For Supplementary Fig. 9, hydrogen bonds were defined by donor–acceptor distances <3.0 Å and deviations from linearity less than 20°. Occupancies of hydrogen bonds were defined as the fraction of frames where the hydrogen bonds were found. Data in Supplementary Fig. 9a were averaged over results for A3 and B3. For Supplementary Fig. 9b, occupancies of hydrogen bonds between residues 112–129 and residues 131–150 were also averaged over values for A3 and B3. For Supplementary Fig. 9c, hydrogen bonds between A3 and B2, B3, or B4 and between B3 and A2, A3, or A4 were examined, and occupancies for the two cases were averaged. For Supplementary Fig. 9d, e, hydrogen bonds between A3 and A2 or A4 and between B3 and B2 or B4 were examined, and occupancies for the two cases were averaged.
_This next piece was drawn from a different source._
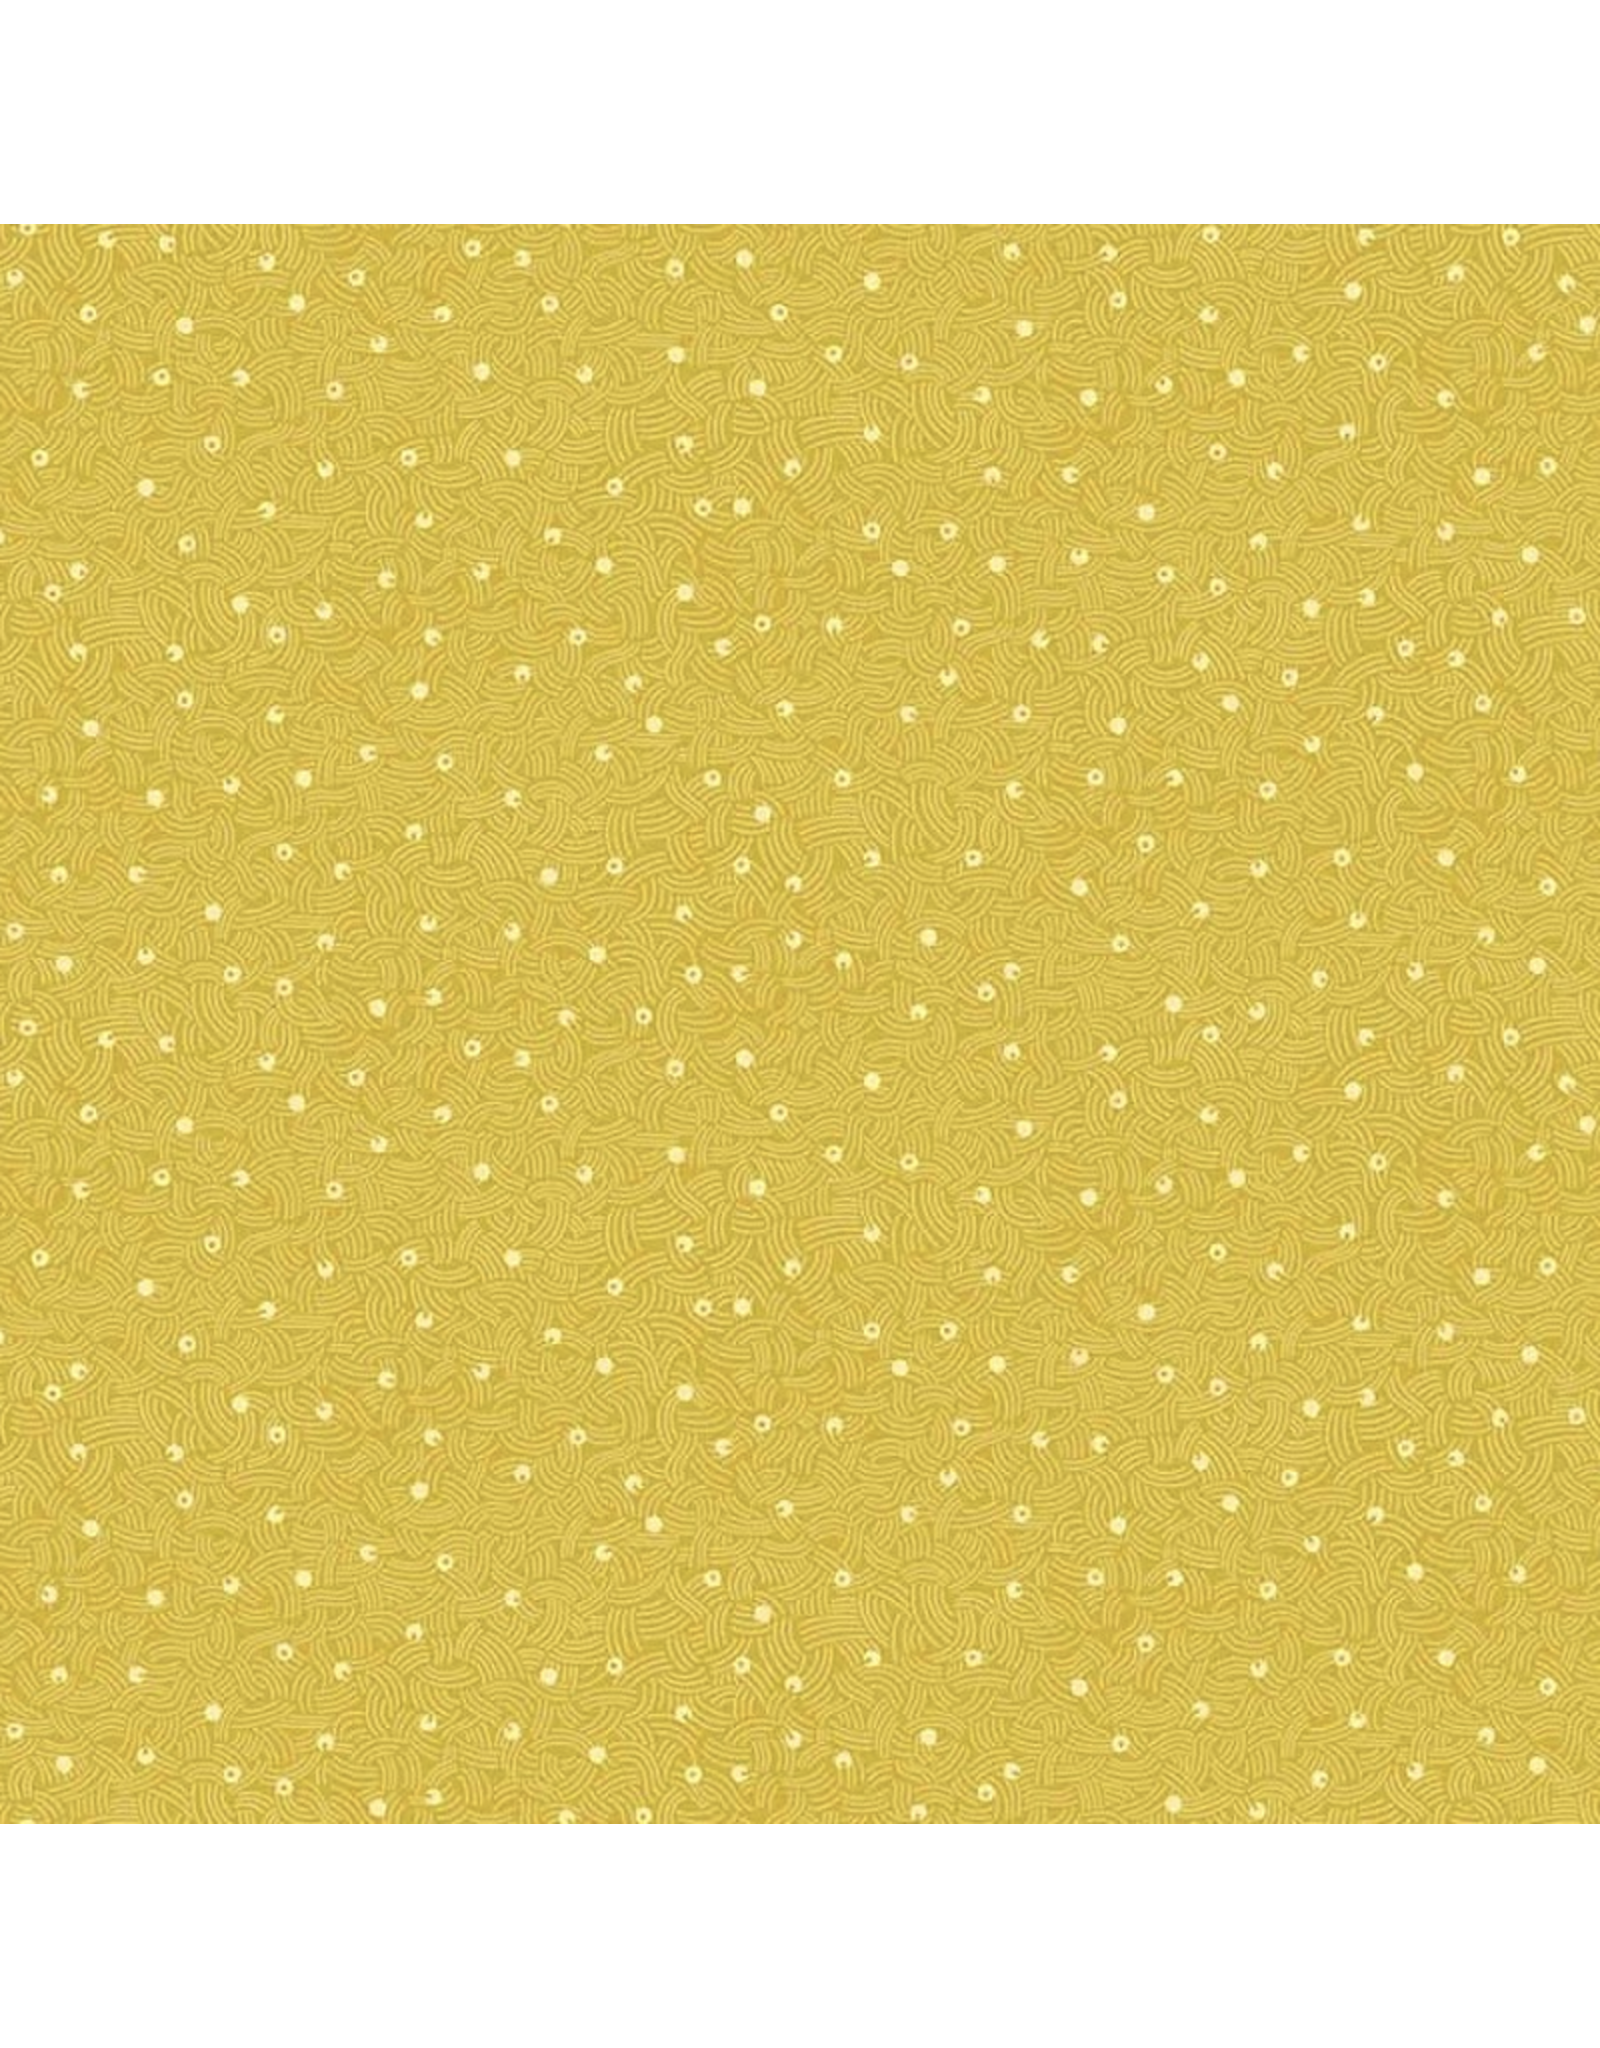 Figo Elements, Air in Mustard, Fabric Half-Yards
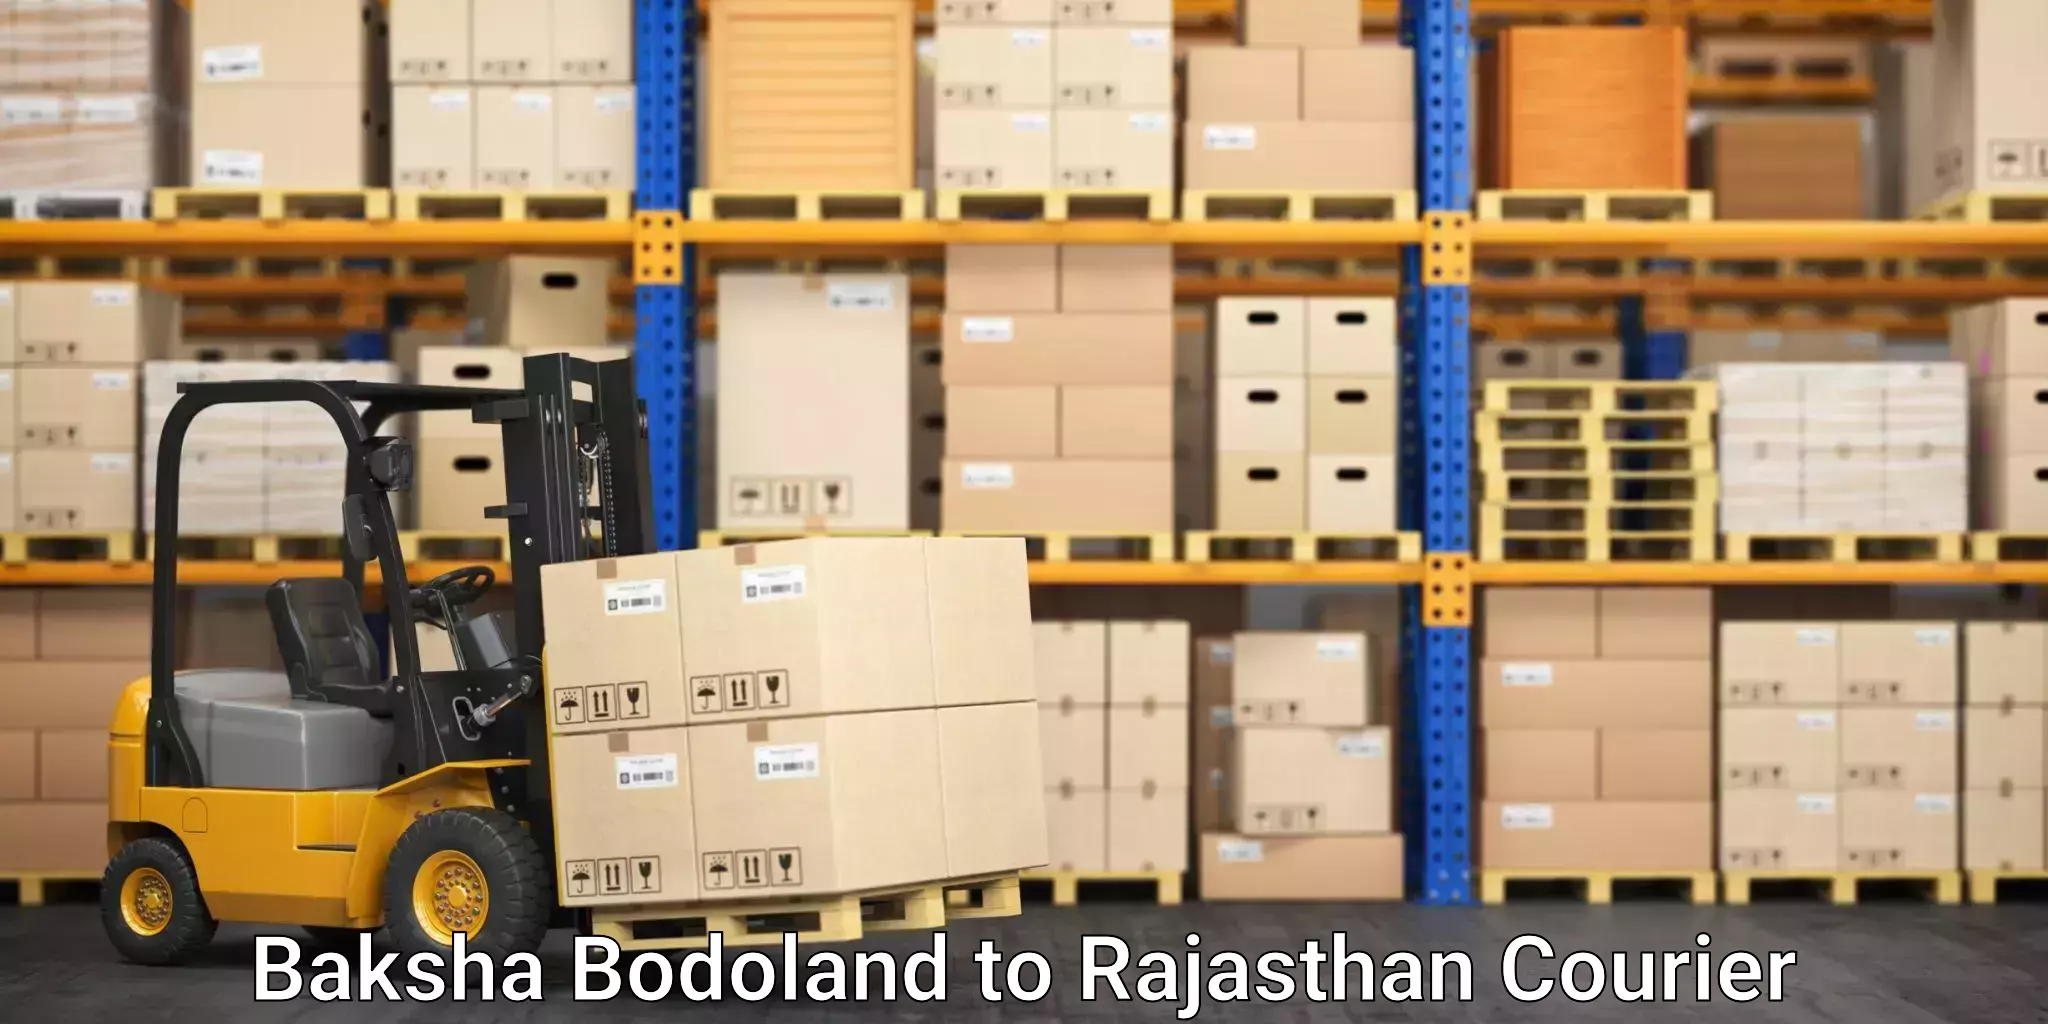 Bulk shipping discounts Baksha Bodoland to Pokhran

For Supplementary Figs. 10 and 11, time-dependent torsion angles χ2 of Tyr residues or pseudo-torsion angles ξ of Gln residues in A3 and B3 were obtained from the unconstrained and constrained trajectories, respectively. The definition of ξ is given in the caption to Supplementary Fig. 10.

Reporting summary

Further information on experimental design is available in the Nature Research Reporting Summary linked to this paper.